Waterford are raging favourites to progress against the side managed by fellow Deiseman Kevin Ryan, but Derek McGrath, as one would expect, will be giving that zero consideration this week.
“I’m thinking no further than Saturday,” he stated. “I must have got 20 or so texts this morning telling me we were after getting a handy draw. Look, I only have to back two or so years to the League match in Tullamore where, personnel wise you had moreorless the same two teams playing each other, and we were seven points down in the first half and finding the going very tough. Thankfully, Shane Bennett got a goal for us just before half-time and we did end up turning around to win (by seven points) on a very windy afternoon at O’Connor Park. We can’t take anything for granted, nor should we. Offaly at home will not want to produce anything other than their best in front of their own supporters, and that’s why we will have to produce our best, because I don’t believe anything else will do for us.”

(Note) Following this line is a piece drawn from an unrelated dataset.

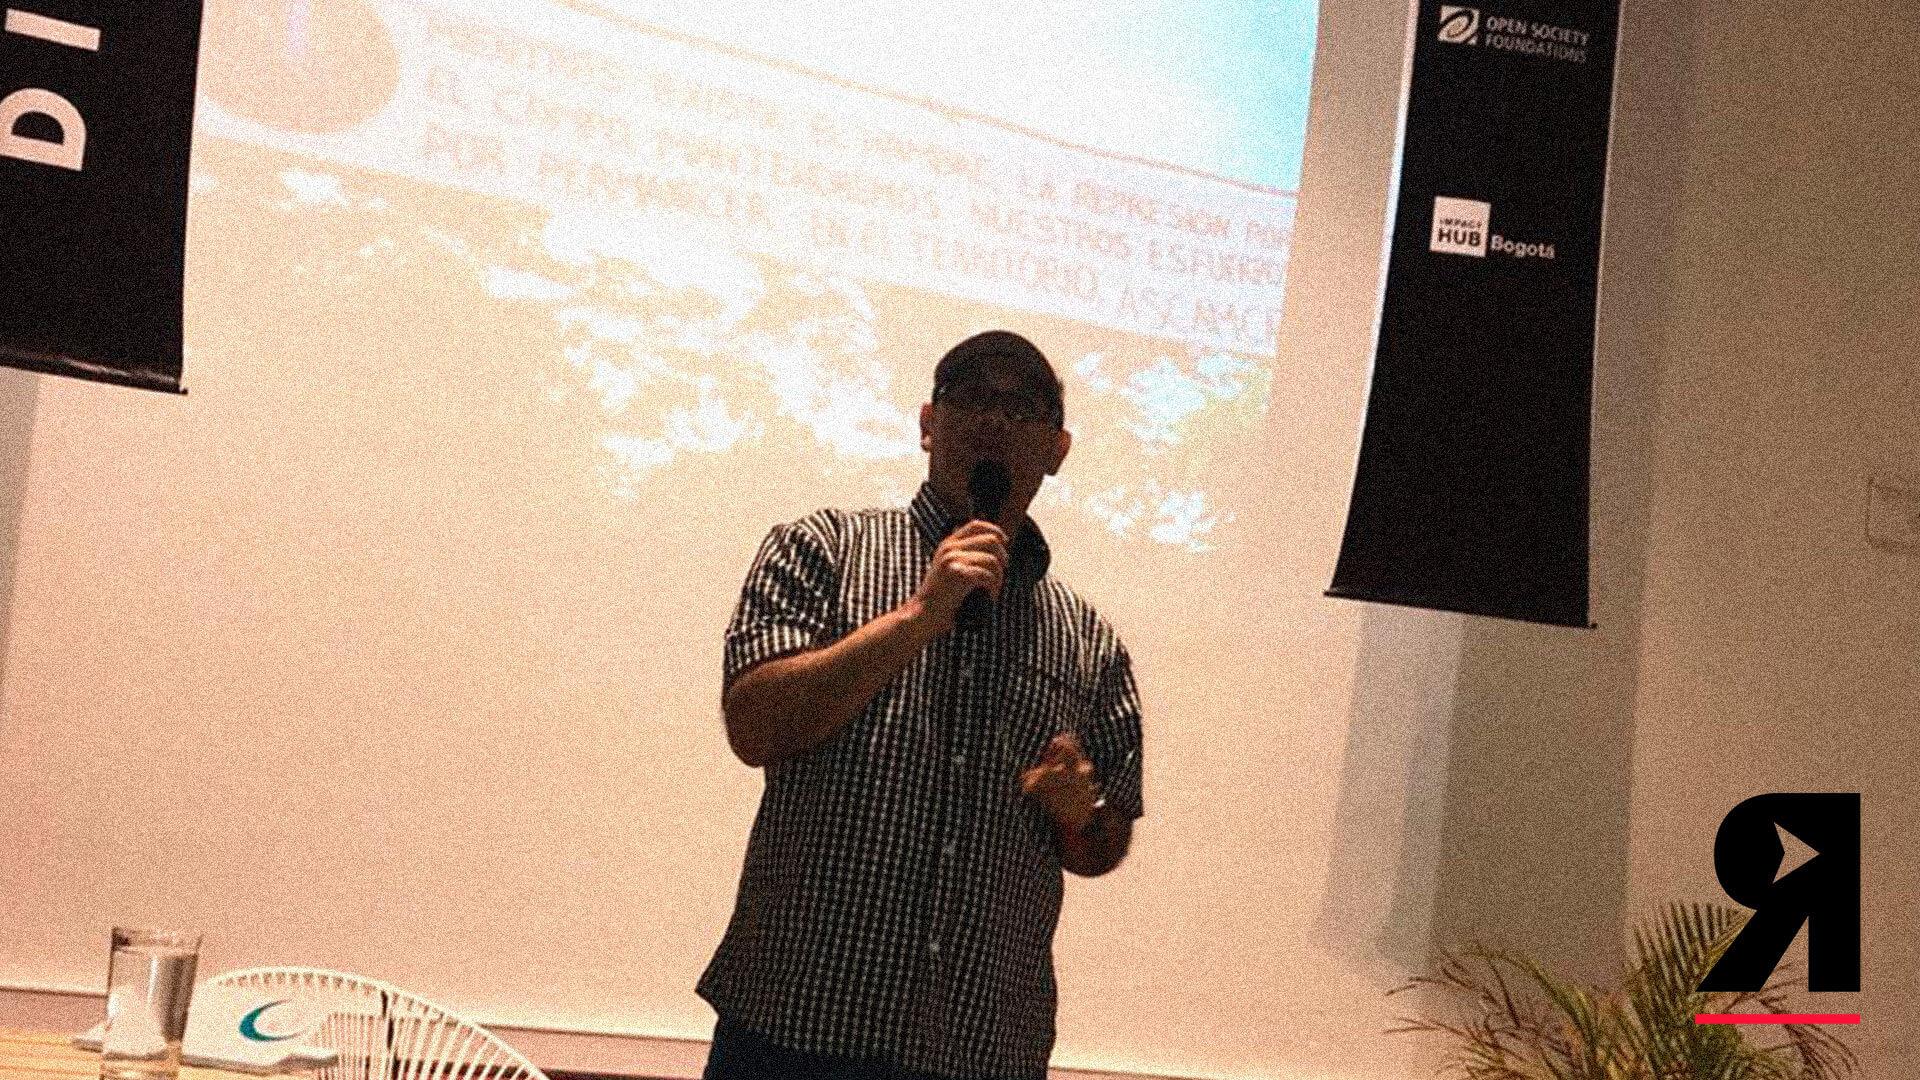 Líderes y activistas empoderados: conclusiones del Primer Encuentro Divergentes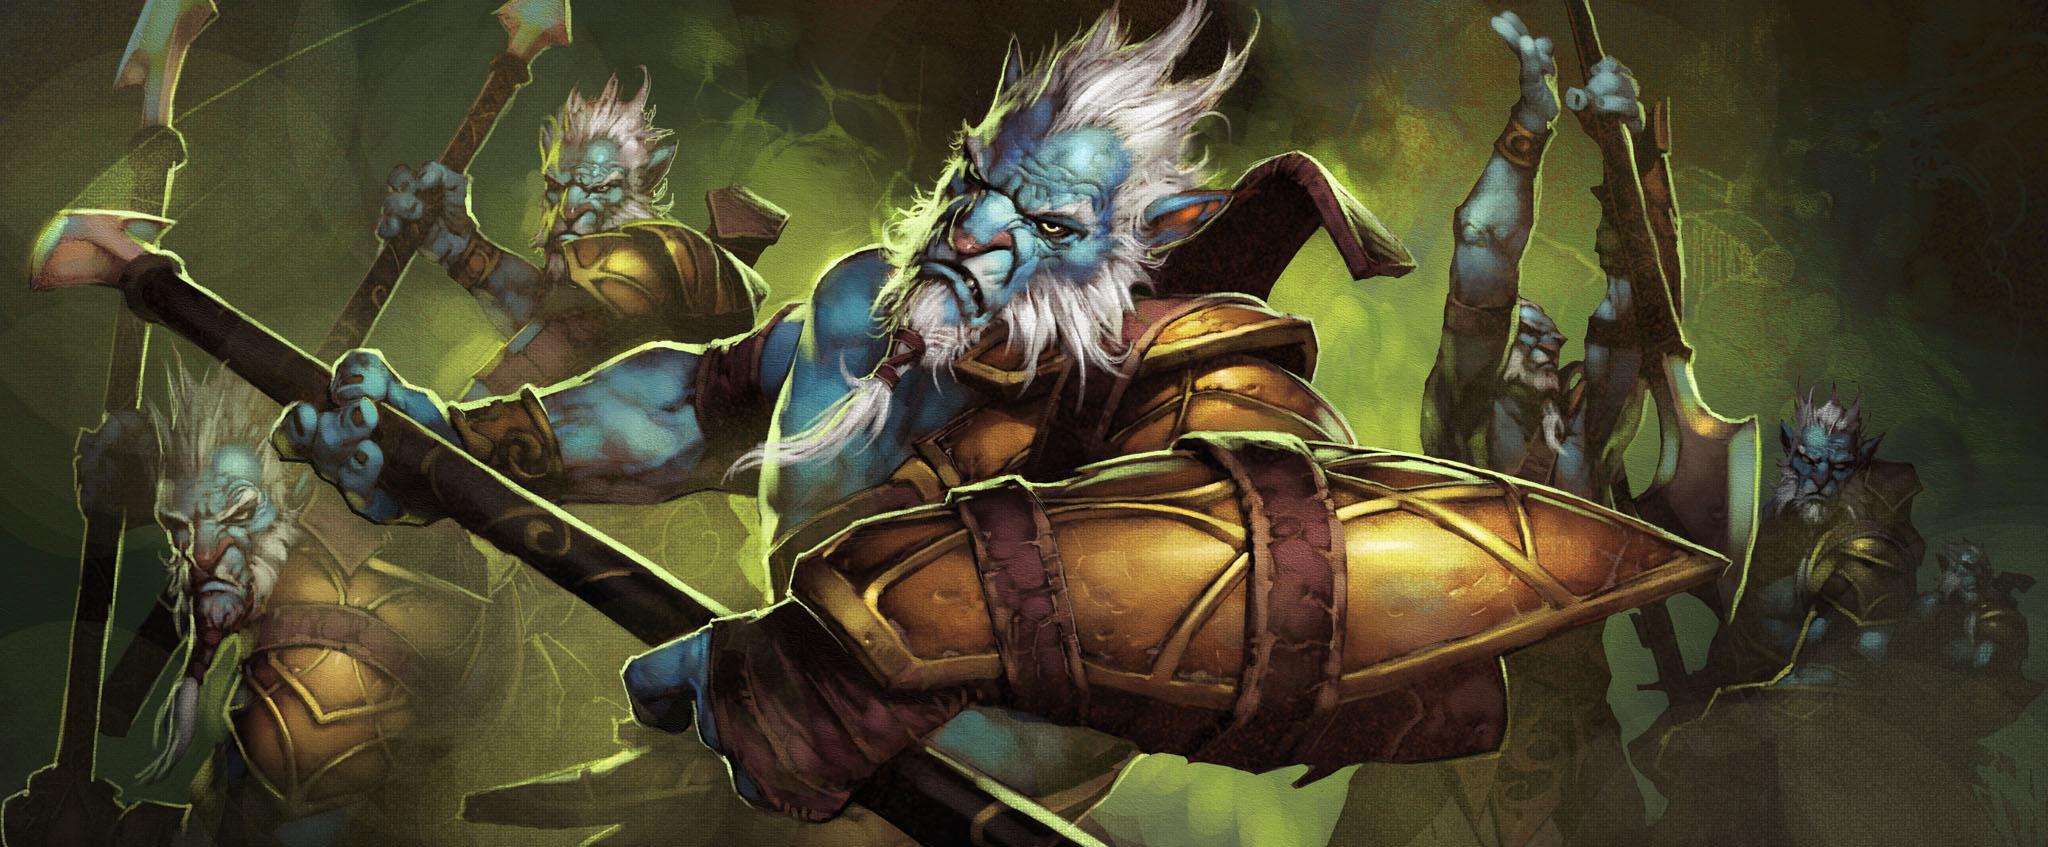 Loạt ảnh nguyên họa của các hero trong DotA 2 - Ảnh 18

Admitting it was a case of taking the Cork defeat “on the chin”, Derek McGrath added there had been “no meeting or anything additional” in terms of an internal management/panel review in the wake of the Thurles reversal.
“Losing to Cork wasn’t cataclysmic. It was disappointing and we know we’re capable of so much more than what we produced on the day. We lost eight or nine key battles over the 70 minutes and if you lose that many battles, then it makes it very, very hard to ultimately push on and win the match. We know what we need to do but we also know how tough Offaly can make it for Waterford teams, going back to the League two years ago and the qualifier in 2013 in O’Connor Park. We have to go out and produce a performance, it’s as simple as that.”